如何在Python中的范围内生成非素数随机数?
我很困惑如何创建一个能够在一定范围内产生非素数的算法。我是定义函数还是创建条件语句?我希望范围内的每个数字具有相同的概率。例如,在1 - 100中,每个非素数不会有1%的几率,而是有1.35%的几率。
答案 0 :(得分:3)
现在,你对效率一无所知,这肯定会得到优化,但这应该可以解决问题。这应该是测试素数的有效算法:
import random
def isPrime(n):
if n % 2 == 0 and n > 2:
return False
return all(n % i for i in range(3, int(math.sqrt(n)) + 1, 2))
def randomNonPrime(rangeMin, rangeMax):
nonPrimes = filter(lambda n: not isPrime(n), xrange(rangeMin, rangeMax+1))
if not nonPrimes:
return None
return random.choice(nonPrimes)
minMax = (1000, 10000)
print randomNonPrime(*minMax)
在返回范围内所有非素数的列表后,从非素数列表中选择一个随机值,使得范围内任何非素数的选择与该范围内的任何其他非素数一样可能
修改强>
虽然你没有问过效率,但我感到很无聊,所以我想出了一种方法,这使得(1000, 10000000)
范围内的import numpy
import sympy
def randomNonPrime(rangeMin, rangeMax):
primesInRange = numpy.fromiter(
sympy.sieve.primerange(rangeMin, rangeMax),
dtype=numpy.uint32,
count=-1
)
numbersInRange = numpy.arange(rangeMin, rangeMax+1, dtype=numpy.uint32)

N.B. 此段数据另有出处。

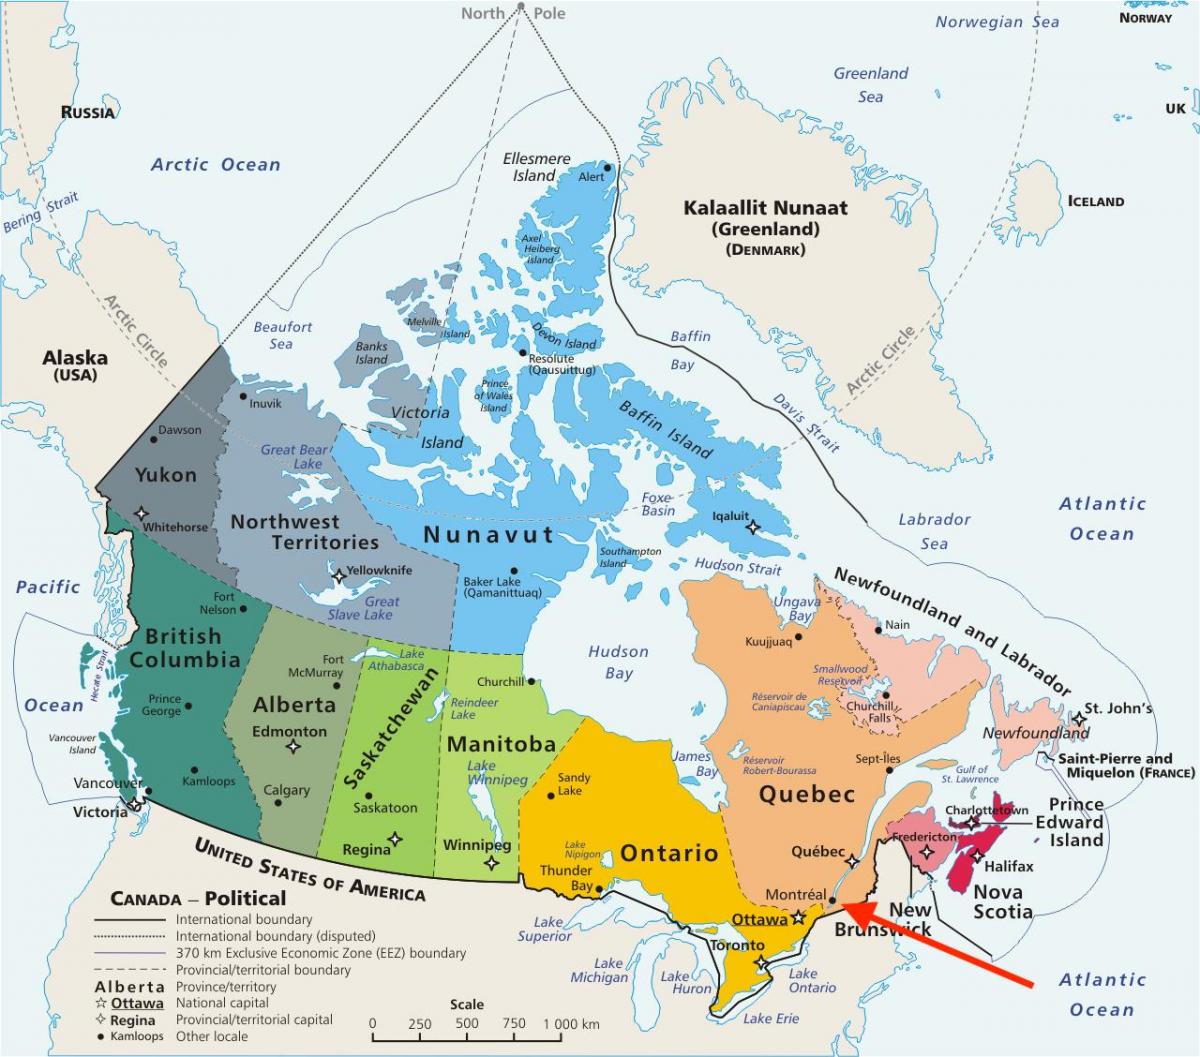 Монреаль в Квебеке - карта Канады

nonPrimes = numbersInRange[numpy.invert(numpy.in1d(numbersInRange, primesInRange))]
if not nonPrimes.size:
return None
return numpy.random.choice(nonPrimes)
minMax = (1000, 10000000)
print randomNonPrime(*minMax)
在我的机器上花费的时间超过6秒而不是一分半钟:
k
这使用SymPy symbolic mathematics library来优化范围中素数的生成,然后使用NumPy过滤输出并选择随机非素数。
答案 1 :(得分:1)
选择的算法和想法非常依赖于您的确切用例,如@smarx所述。
max_trials
max_trials
- 通过Coupon-Collectors-Problem(wiki)的近似值设置值:每次观察每个候选人的预期样本数 import random
import math
""" Miller-Rabin primality test
source: https://jeremykun.com/2013/06/16/miller-rabin-primality-test/
"""
def decompose(n):
exponentOfTwo = 0
while n % 2 == 0:
n = n//2 # modified for python 3!
exponentOfTwo += 1
return exponentOfTwo, n
def isWitness(possibleWitness, p, exponent, remainder):
possibleWitness = pow(possibleWitness, remainder, p)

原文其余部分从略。